Limitations of Prior Work: (a) Explicit methods (e.g., LongLLMLingua) preserve global semantics but disrupt local coherence — finer summarization granularity leads to worse performance; (b) Implicit methods (e.g., AutoCompressor, ICAE) suffer from positional bias — middle and early information is forgotten ("lost in the middle"); (c) Recurrent compression (e.g., Activation Beacon) uses fixed segmentation without accounting for information density variation, and unidirectional compression leads to progressive information degradation.
Key Challenge: How to simultaneously preserve global and local semantics uniformly across all positions?
Key Insight: Drawing inspiration from hierarchical information processing in cognitive science — using tree structures to balance breadth (cross-context coverage) and depth (fine granularity).
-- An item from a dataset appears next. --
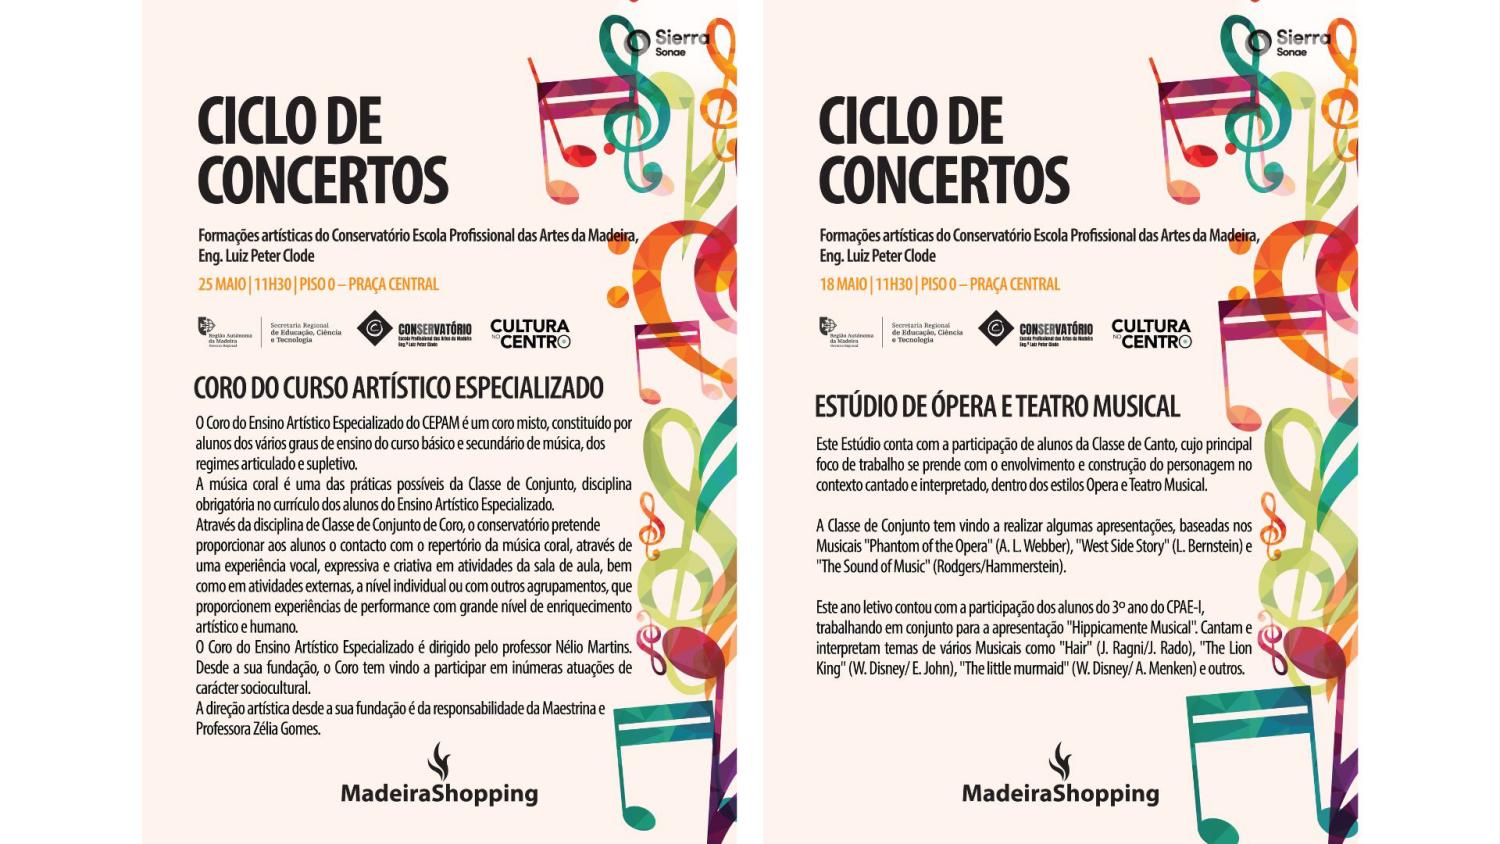 MadeiraShopping recebe as últimas atuações do Ciclo de Concertos do Conservatório
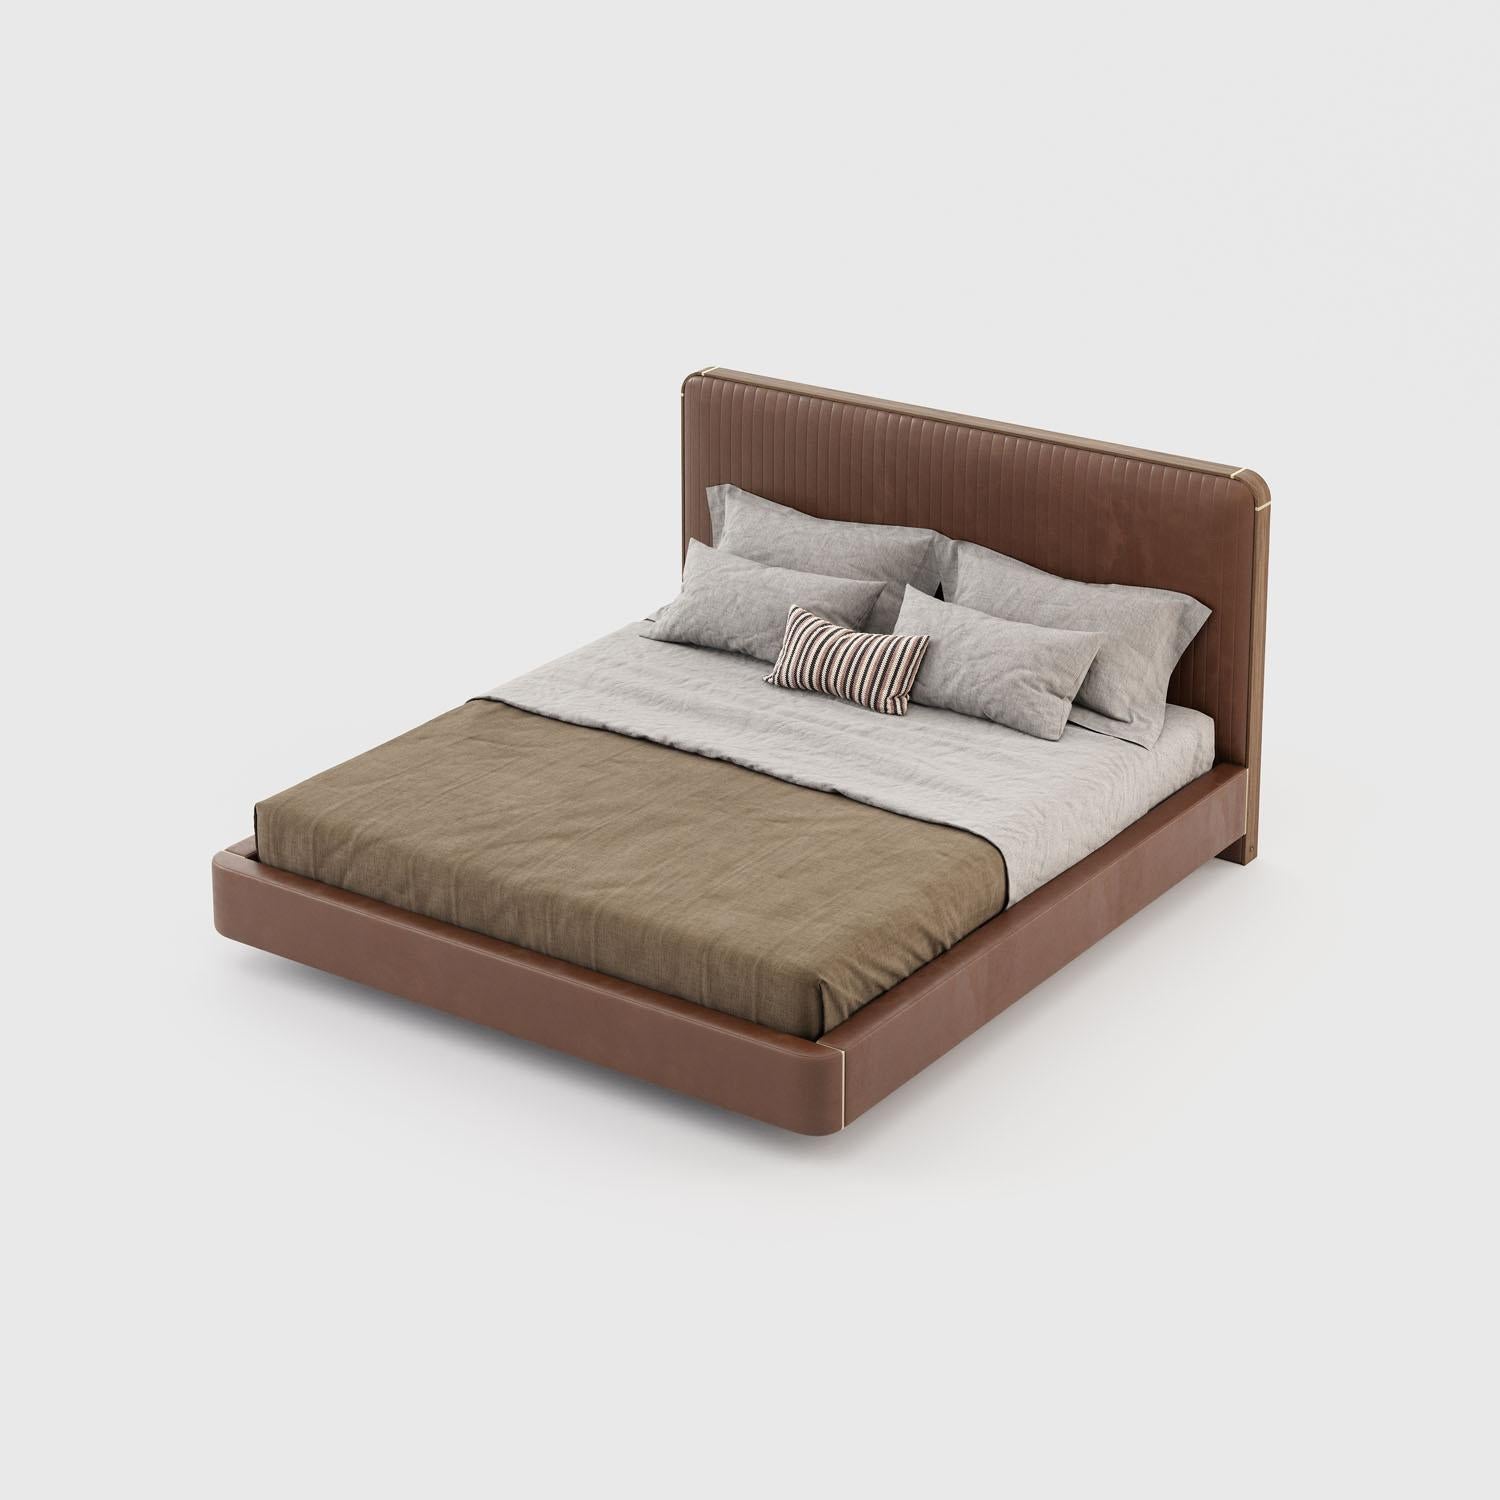 Amerikanisches Kingsize-Bett, das auf Bestellung in einer Auswahl von Samtfarben mit Metall- und Holzdetails hergestellt wird. Ein klassisches und stilvolles Design mit einem weich gepolsterten Kopfteil aus Samt mit einem konturierten Rahmen aus

Core Idea: Information-density-adaptive segmentation + binary semantic tree hierarchical aggregation + bidirectional attention to eliminate positional bias.
Method¶
Overall Architecture¶
Long text \(\mathbf{X}\) → adaptive segmentation by information density → insertion of one gist token (leaf node) after each segment → leaf gist tokens aggregated pairwise bottom-up to construct binary semantic tree \(\mathcal{T}\) → tree-based compression encoding → conditional generation. The LLM backbone is frozen; only gist attention heads, gist embeddings, and the aggregator are trained.
Key Designs¶
-
Adaptive Leaf Gist Token Construction:
- Function: Dynamically allocates gist token budget based on information density
- Mechanism: The context is first uniformly split into initial segments; an information content score \(\text{Score}(\mathbf{X}_i) = \text{PPL} \cdot \exp(-\lambda \cdot \text{Entropy})\) is computed for each segment; high-scoring segments receive more gist tokens (finer granularity), while low-scoring segments receive fewer
- Allocation rule: Top 25% segments receive \(n/\tau\) gist tokens, middle 25% receive \(n/2\tau\), and bottom 50% receive \(n/4\tau\) (global compression ratio unchanged)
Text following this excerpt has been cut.